Q&A with Kenneth Lonergan, Michelle Williams, Lucas Hedges, and Casey Affleck

The following questions and answers are excerpted from a conversation that followed the NBR screening of Manchester by the Sea. 

Can you talk about playing someone who is emotionally disconnected or doesn’t show emotion?
Casey Affleck: I don’t often think myself about how much emotion I’m showing in real life. The writing is so rich that you get a sense of what’s happening to the characters while not being told exactly how they’re responding to any given situation. This leaves a lot of space for me as an actor to explore and was some heavy lifting as I hadn’t done a part that asked for so much for the entire course of the film. Scenes like the house burning down or seeing a relative pass required a lot of talking with Kenneth on how to calibrate my performance to make sure it’s not too much to avoid being melodramatic, but still getting an idea of what Lee is feeling and trying to contain.

“the goal is to feel that it’s correct instinctively and not constructed intellectually.”

What was your response to the material and how did you come to it?
Michelle Williams: Kenneth asked me to do a reading of one of his plays about 11 1/2 years ago and I said no because I was afraid of letting him down! And then he talked me back into it. I made up some excuse like I’m pregnant and I can’t act while I’m pregnant cause that would be terrible. Kenneth said that’s not really true, so I ended up doing a reading of the play and ever since that I’ve been secretly hoping to work with him. I knew that when this came around my answer would be yes. When I got to the scene with Lee and Randi I remember thinking that this will be the hardest and best thing that I will ever do in film and I don’t know how I’m going to do it.

We get an idea of Patrick’s life in the town throughout the course of the film. Can you talk about how his father’s death affects him and the prospect of moving away from his life?
Lucas Hedges: Patrick is in many respects not feeling valuable when we meet him as a teenager. He has all of the proof in the world that his family members don’t love him: His uncle won’t give him the time of day, his mother ran out on him, and his father is dead. So he has all of this proof that he can’t face. So I think while he is both charismatic and wants to have fun, he is driven by some sense of wanting to escape being alone with himself.

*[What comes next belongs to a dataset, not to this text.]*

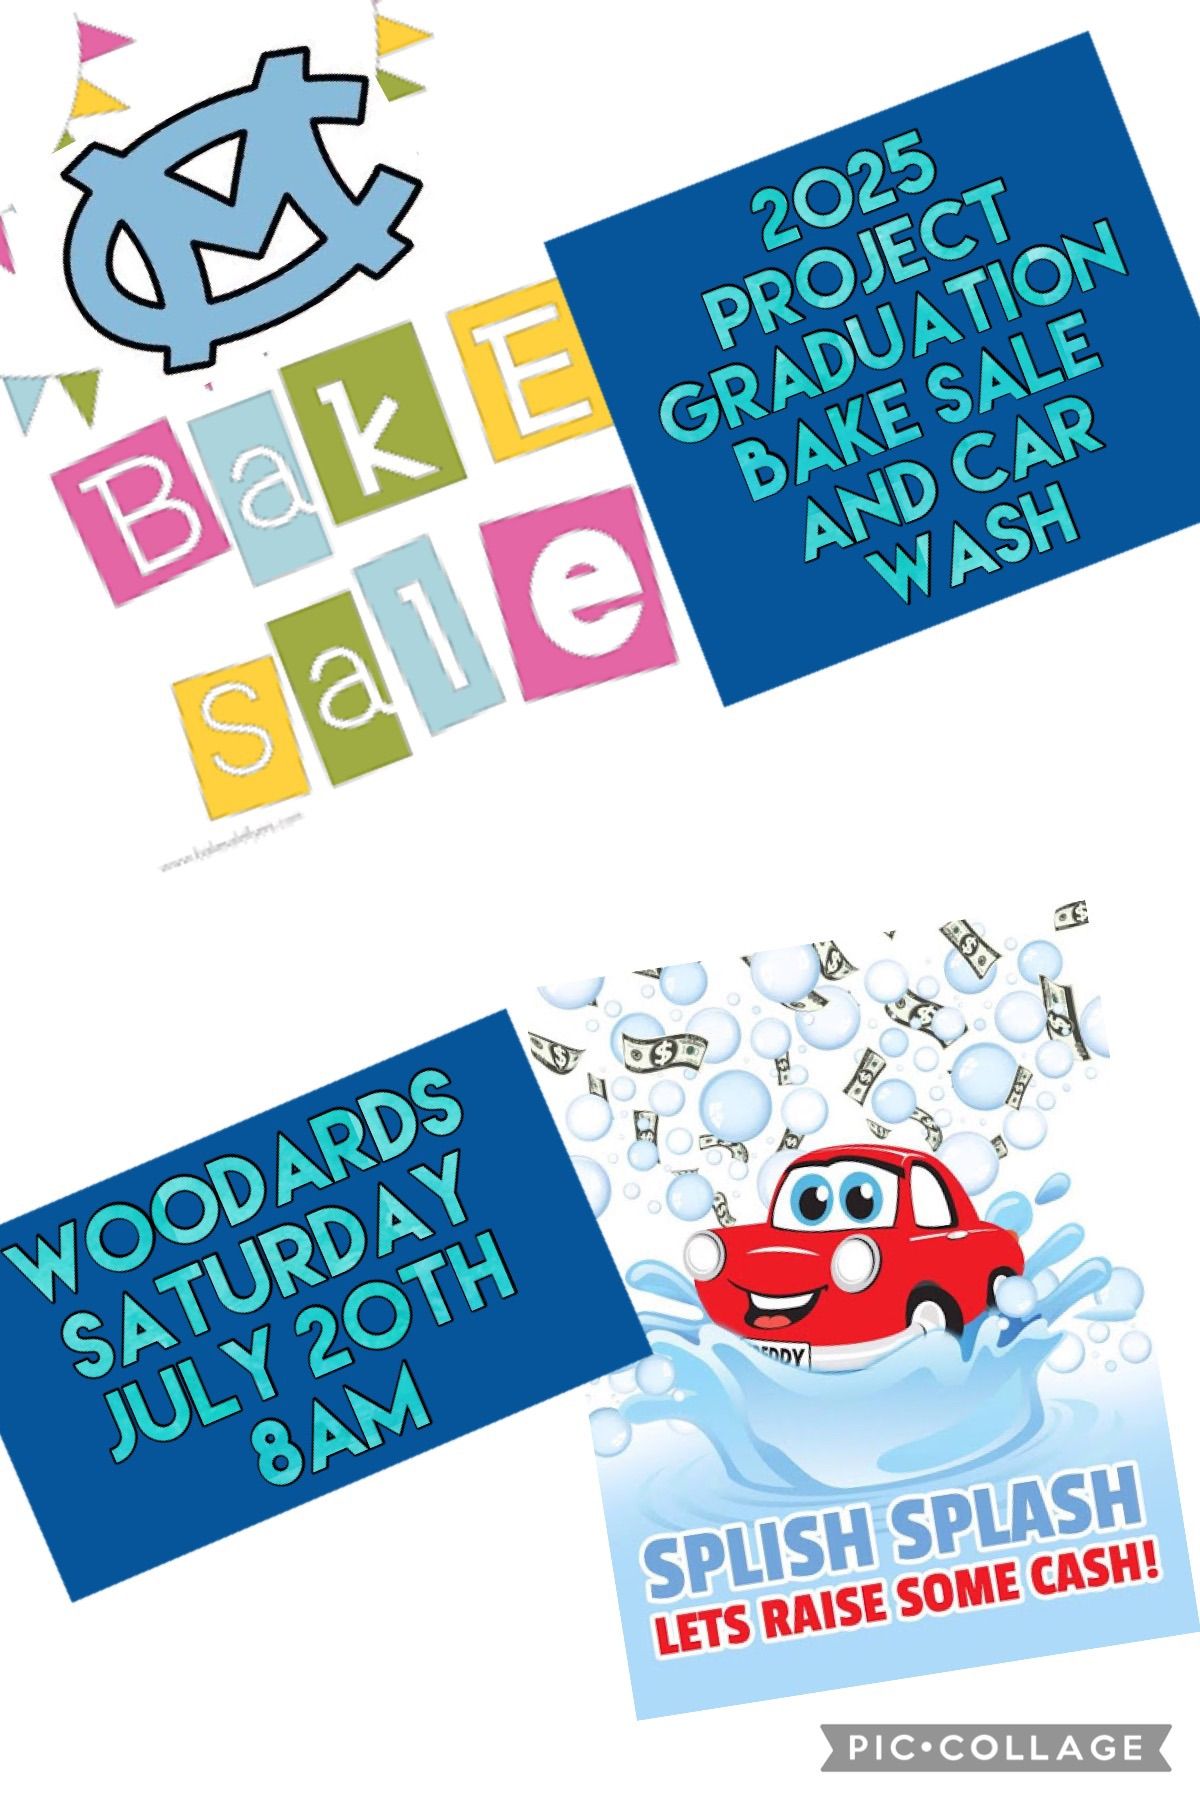 Bake Sale and Car Wash

How do you see the dynamic between the two brothers and what do you think was Joe’s thought process leaving custody of Patrick to Lee?
Kenneth Lonergan: That was the crux of the film’s concept and I found it so interesting since he’s trying to do so many things at once in that moment. I think he knows that Lee is reliable though he may be heartbroken and shut off from the world. Lee will still show up when he needs to, despite the lingering emotional distress. The other thing is that Joe is always trying to save Lee and keep him present, so he hopes that this will pull Lee away from the edge of the cliff so to speak. It’s a gamble that he takes with Lee, not so much with Patrick.

What was your writing process in weaving the past to the present story?
Lonergan: It was intuitive, but that doesn’t mean that you don’t have to fish around a bit to find something that hits you in the right way, but the goal is to feel that it’s correct instinctively and not constructed intellectually. The internal logic seems to manifest itself by accident. Jennifer Lame, my editor, thought that the flashbacks worked best when they were done suddenly without a lot of introduction or fanfare. She even said how she liked how it felt like there were two stories happening at the same time, the flashbacks being what Lee is feeling internally. Lee has these memories that are so pungent and strong. The happy ones are painful and the sad ones are unbearable. He carries these memories actively, so the structure mirrors this experience nicely.